Бикель постарался выбросить из головы эти мысли и обвел взглядом помещение Центрального Пульта, представляя себе корабль — «Жестяное Яйцо» Жастина Яца. Сам корабль, плюс компьютер, плюс колонисты в гибернации — целый комплекс возможностей, которые, как чувствовал сейчас Бикель, астронавты могут разложить по полочкам, оценить, взвесить и использовать так, как им нужно.
Он представил себе корабль с его шестнадцатью концентрическими оболочками: огромный яйцевидный корпус почти в милю длиной. За водяным барьером и экранами, защищающими центральную часть корабля, тянулись мили и мили коридоров и трубопроводов, самогерметизирующиеся отсеки. Кроме того, тут хранился огромный запас всего необходимого для жизни людей на другой планете.
В гибертанках находилось две тысячи взрослых людей, тысяча эмбрионов и более шести тысяч эмбрионов животных — «полный экологический спектр».
Бикель повернулся и взглянул на пульт. Логика подсказывала ему, что их шанс на спасение заключался в компьютере. Его план выглядел рискованным, но это был необходимый риск. Остальные, возможно, будут спорить, но в конце концов им придется принять его точку зрения.
— А когда проснется Прю? — спросил он.
— Примерно через три часа, — ответил Тимберлейк.
— Я бы хотел узнать ее мнение о причинах гибели ОИРов. Меня не удовлетворяют наши догадки.
Тимберлейк отключил массажное устройство кокона и испытующе взглянул на Бикеля.
— Когда погиб первый мозг, я провел все необходимые исследования, — сказал он. — Хочешь — проверь сам.
— Я уже проверял, — кивнул Бикель. — Меня насторожила пара вещей. Первый мозг предпочитал, чтобы его называли Миртл. Почему? Я не нашел в наших данных никаких объяснений — разве что первый мозг изначально принадлежал генетическому уродцу женского пола.
— Обследование Миртл на базе Андерс показало, что она всего на 0002 отклоняется от гомеостатической нормы, — возразил Тимберлейк. — Ее резервные системы жизнеобеспечения пребывали на базе в полном стасисе.

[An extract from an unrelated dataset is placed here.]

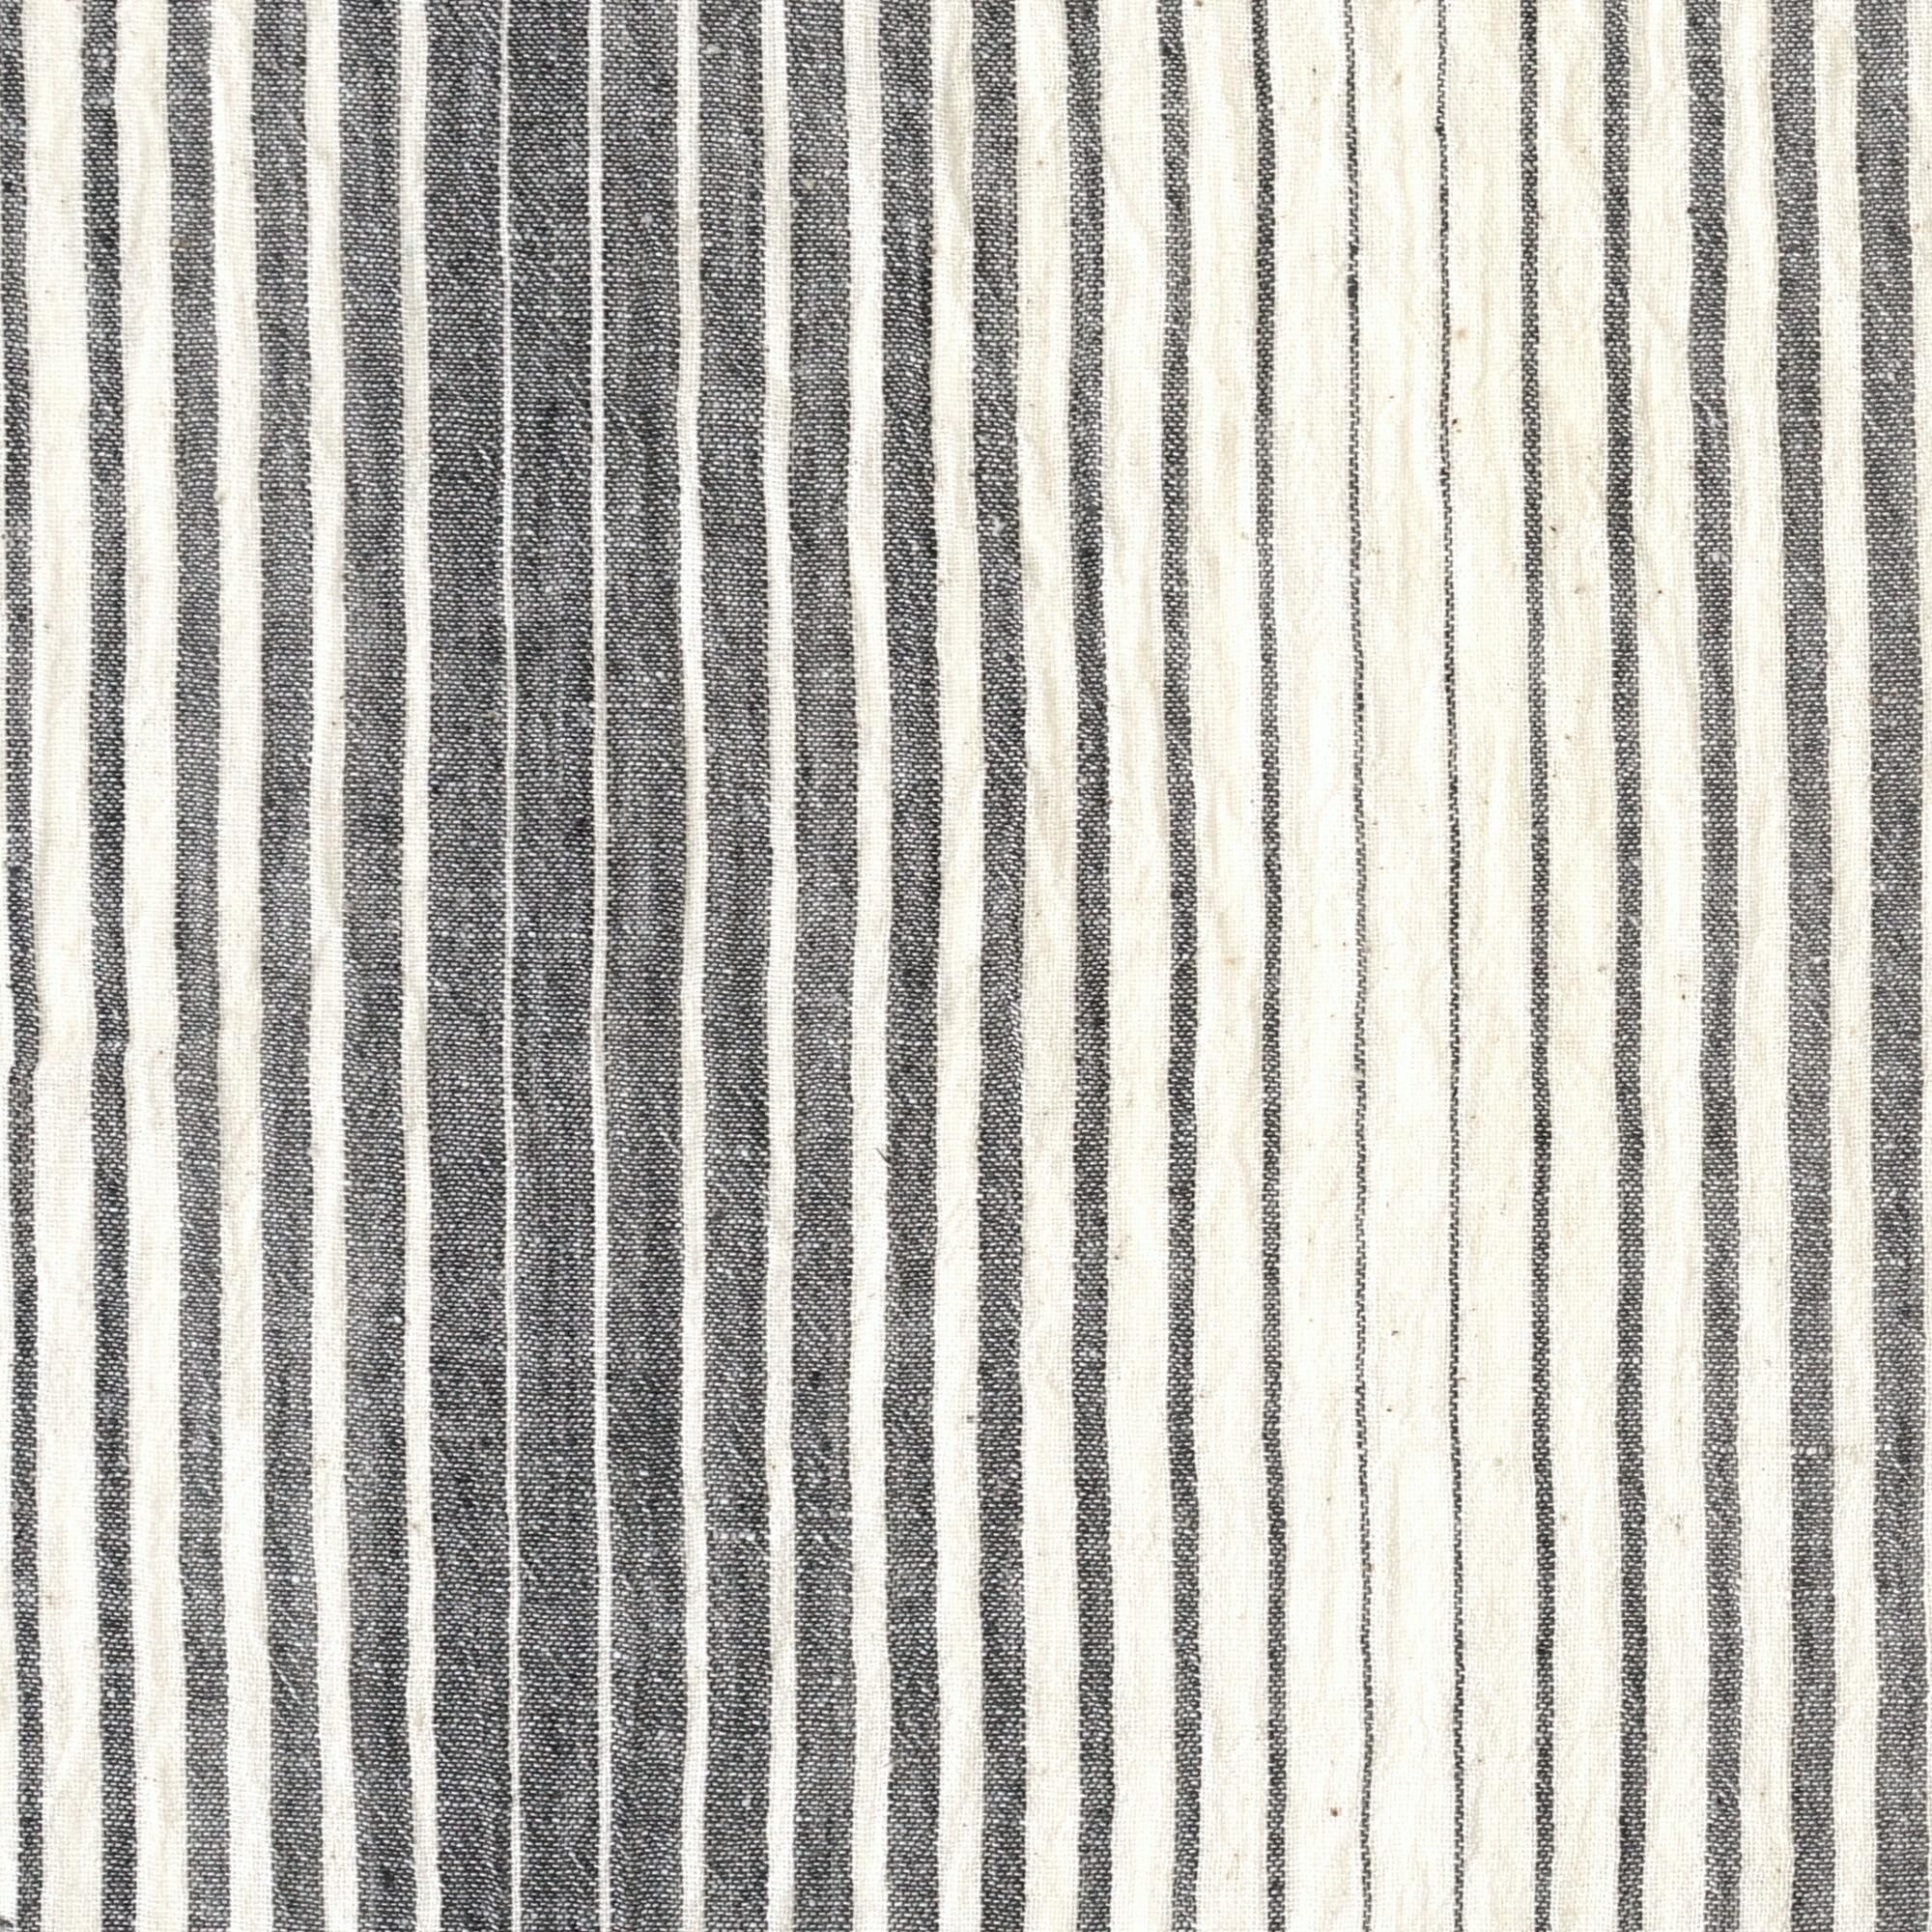 KHE03 - Organic Kala Cotton - Handloom Woven - Natural Dye - Charcoal Black - Fading Stripes - One By One - Flat

— Да не обращай ты внимание на самоидентификацию, — вмешался Флэттери. — Они это делали ради нас, поскольку позволяло хоть как-то очеловечить корабельный ОИР.
— Верно, — ответил Бикель. — Они все так утверждали, но в этом ли причина?
— ОИР были столь же совершенными, что и все остальные искусственные интеллекты, когда-либо родившиеся на свет, — сказал Флэттери, подумав при этом, почему его так раздражают вопросы Бикеля. — Их с детства воспитывали как неотъемлемую часть обшей серво-сенсорной системы корабля. И что с того? Никакой другой жизни они все равно не знали и не могли…
— Ты говорил, что тебя беспокоят две вещи, — перебил его Тимберлейк. — Какая же вторая?
— Твой отчет о системе жизнеобеспечения, — объяснил Бикель. — Пункт 91007 в отчете по Миртл. Там говорится: «Ни одна из систем как будто не выходила из строя». Почему ты употребил словосочетание «как будто», Тим? Может, у тебя оставались какие-то сомнения, которые ты решил не включать в отчет?
— Ничего подобного! — возмущенно ответил Тимберлейк. — Системы были в идеальном состоянии!
— Почему же ты так прямо не написал?
— Из осторожности, — пояснил Флэттери. — Просмотри мой медицинский отчет и сам убедишься, что он полностью подтверждает его заключения.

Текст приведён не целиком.